— WORK TASK —
Repeat the listing exactly. The images do not belong in the copy.

— DATA —
◇ ◇ ◇
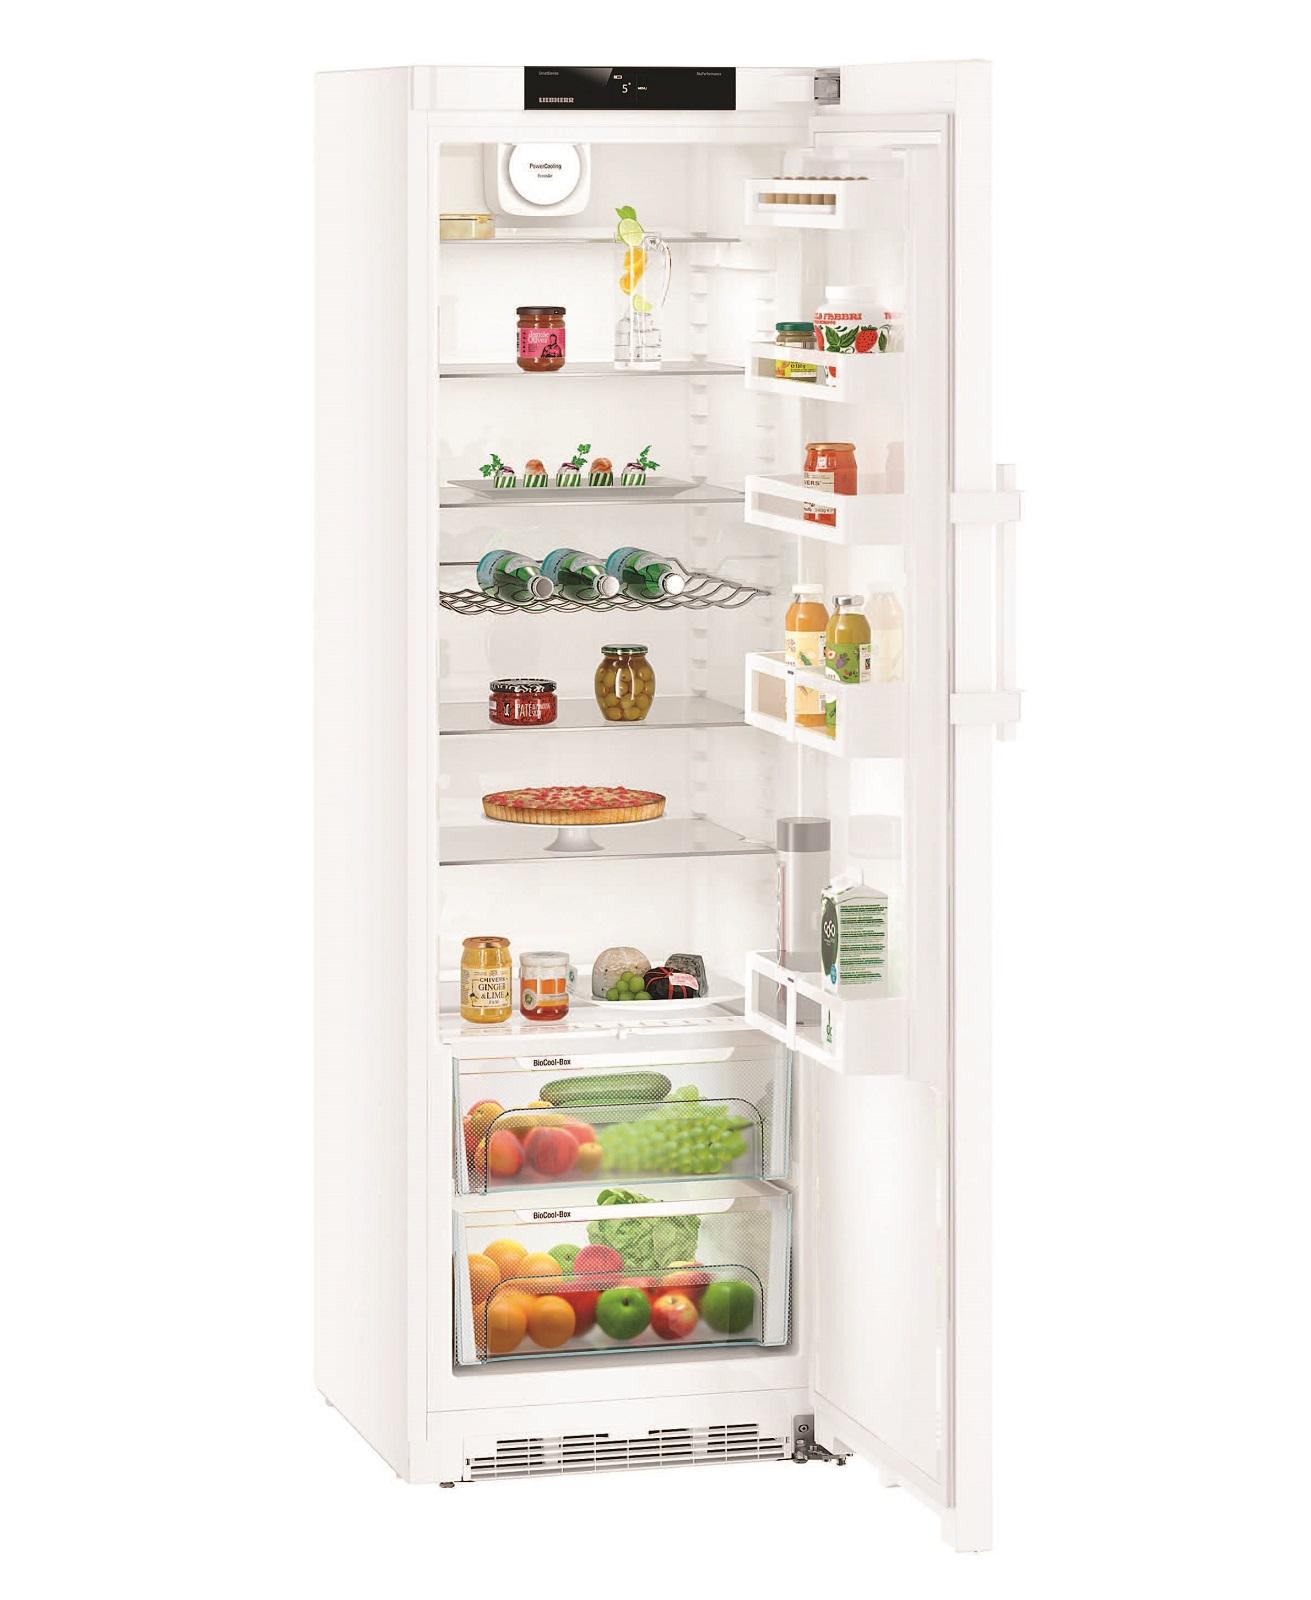 Однокамерный холодильник Liebherr K 4330 купить украина
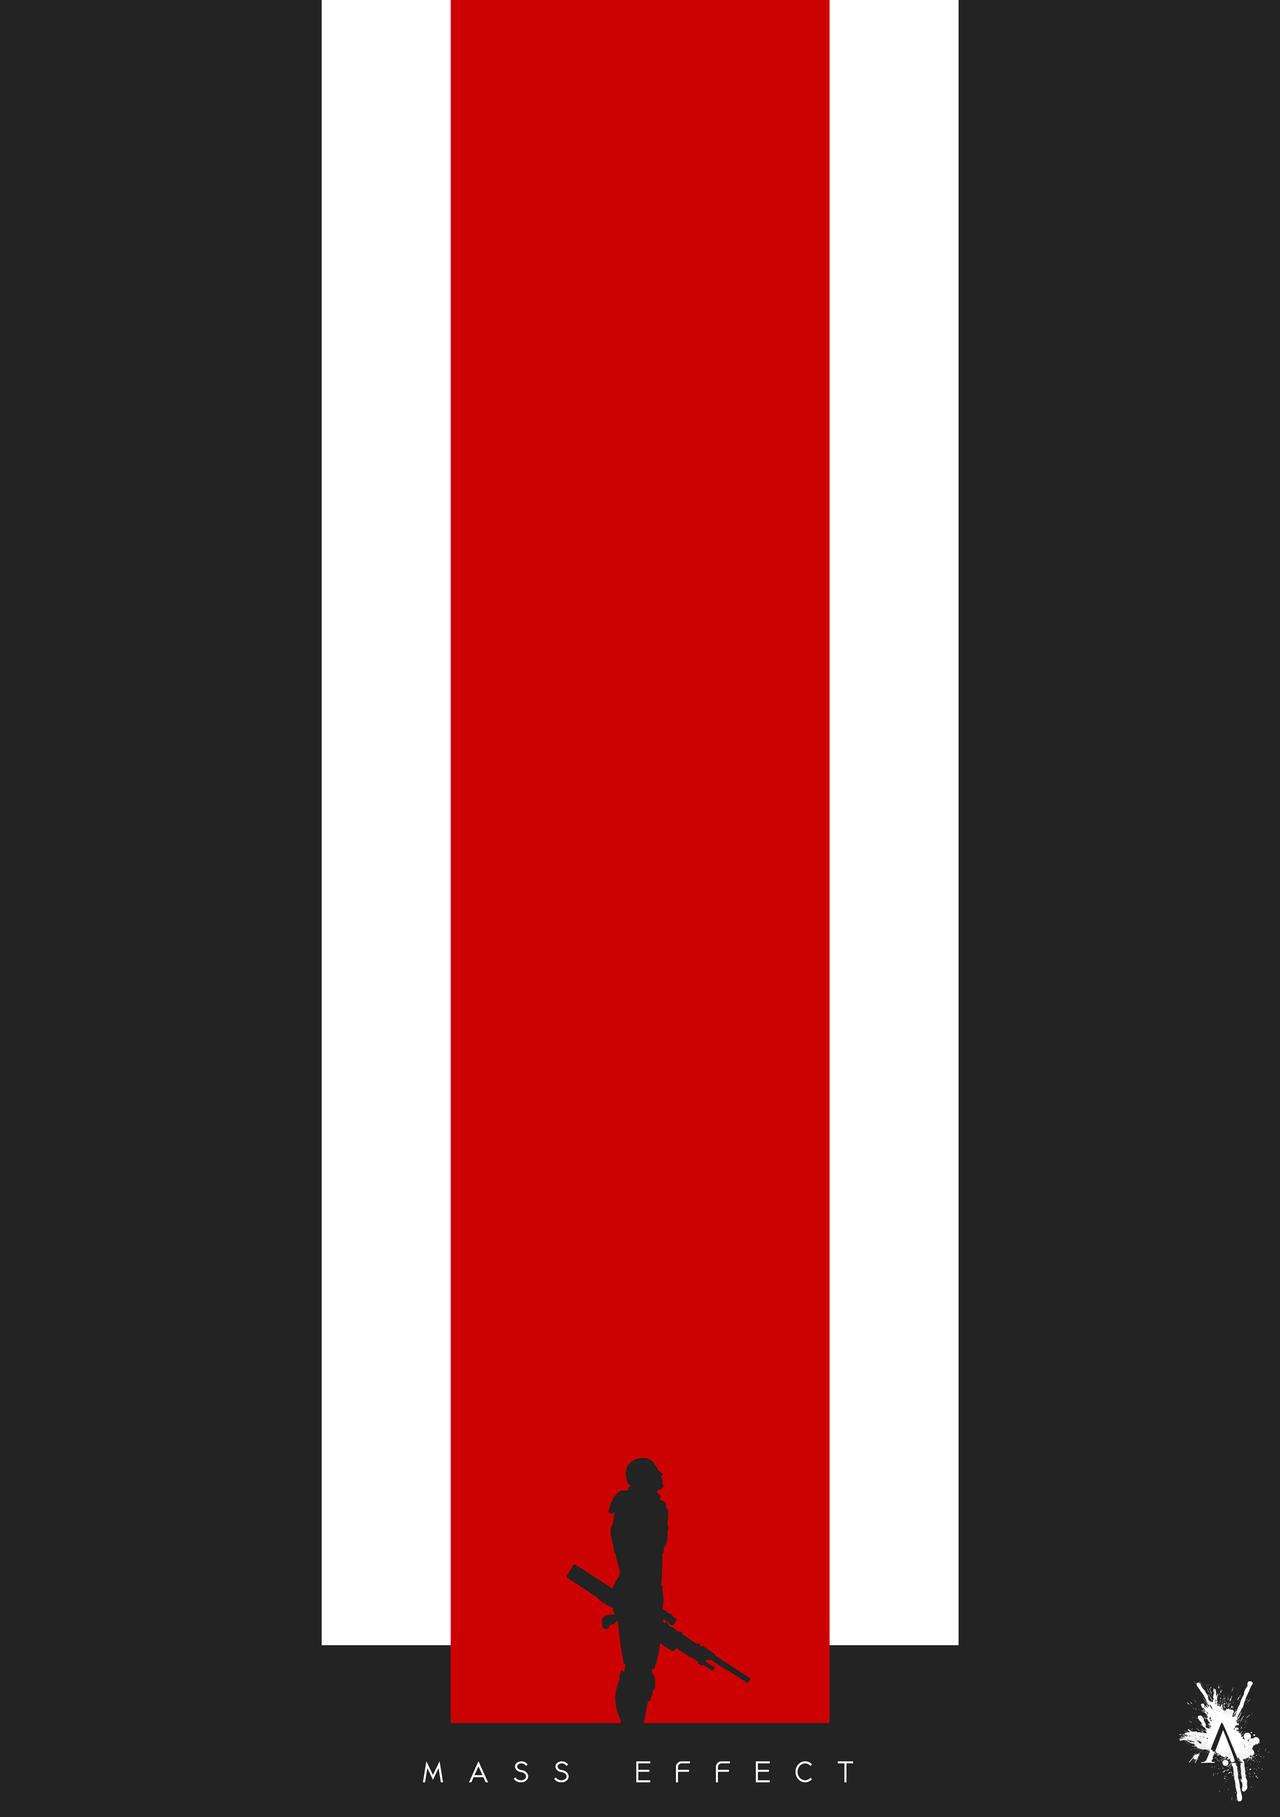 mass_effect_poster_01
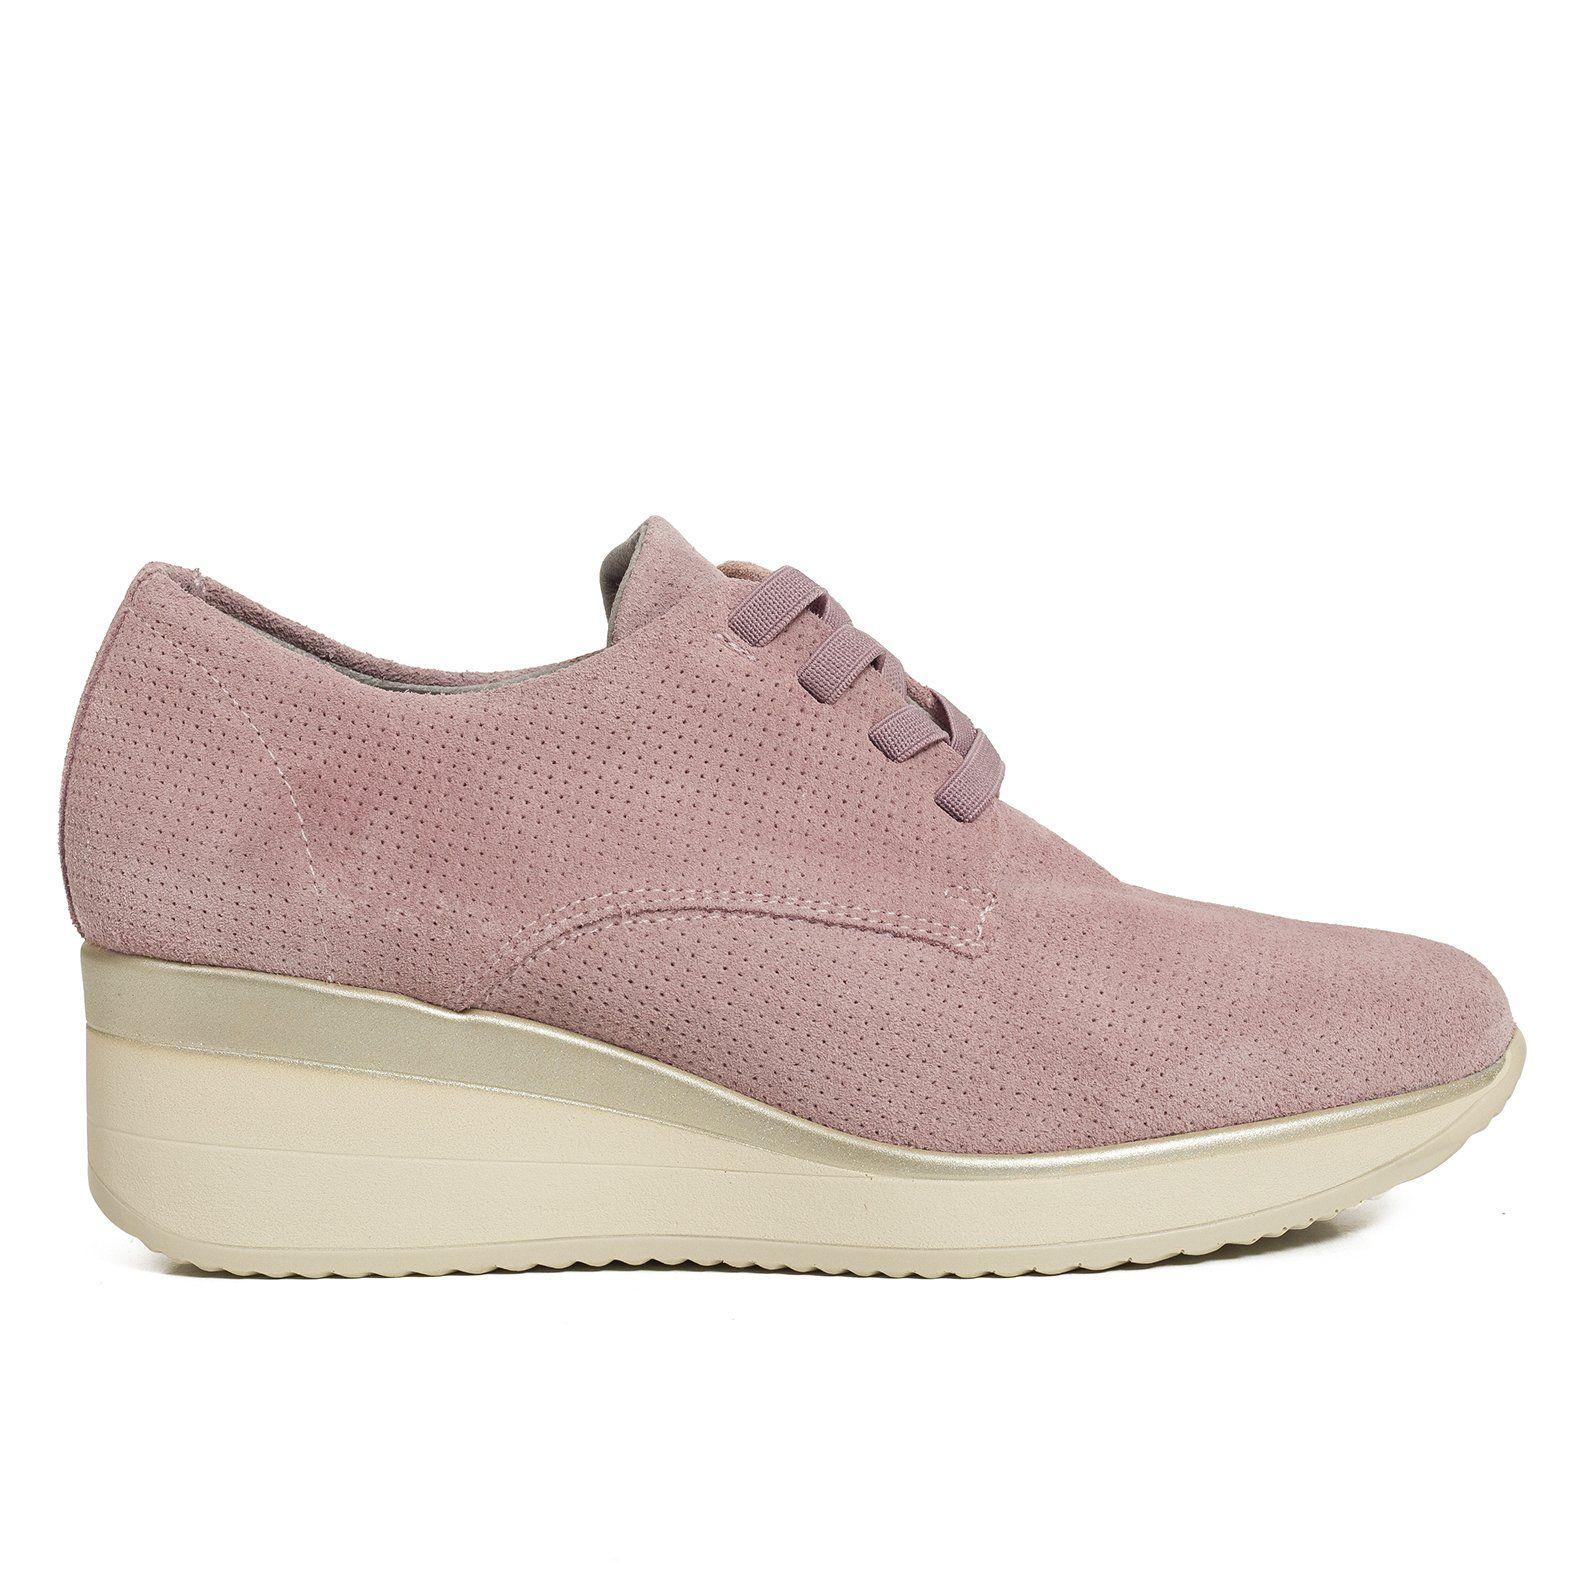 Zapatilla Sneaker mujer Rosa Memory Foam miMaO Confort
◇ ◇ ◇
— SOLVED EXERCISE —
 Однокамерный холодильник Liebherr K 4330 купить украина
 mass_effect_poster_01
 Zapatilla Sneaker mujer Rosa Memory Foam miMaO Confort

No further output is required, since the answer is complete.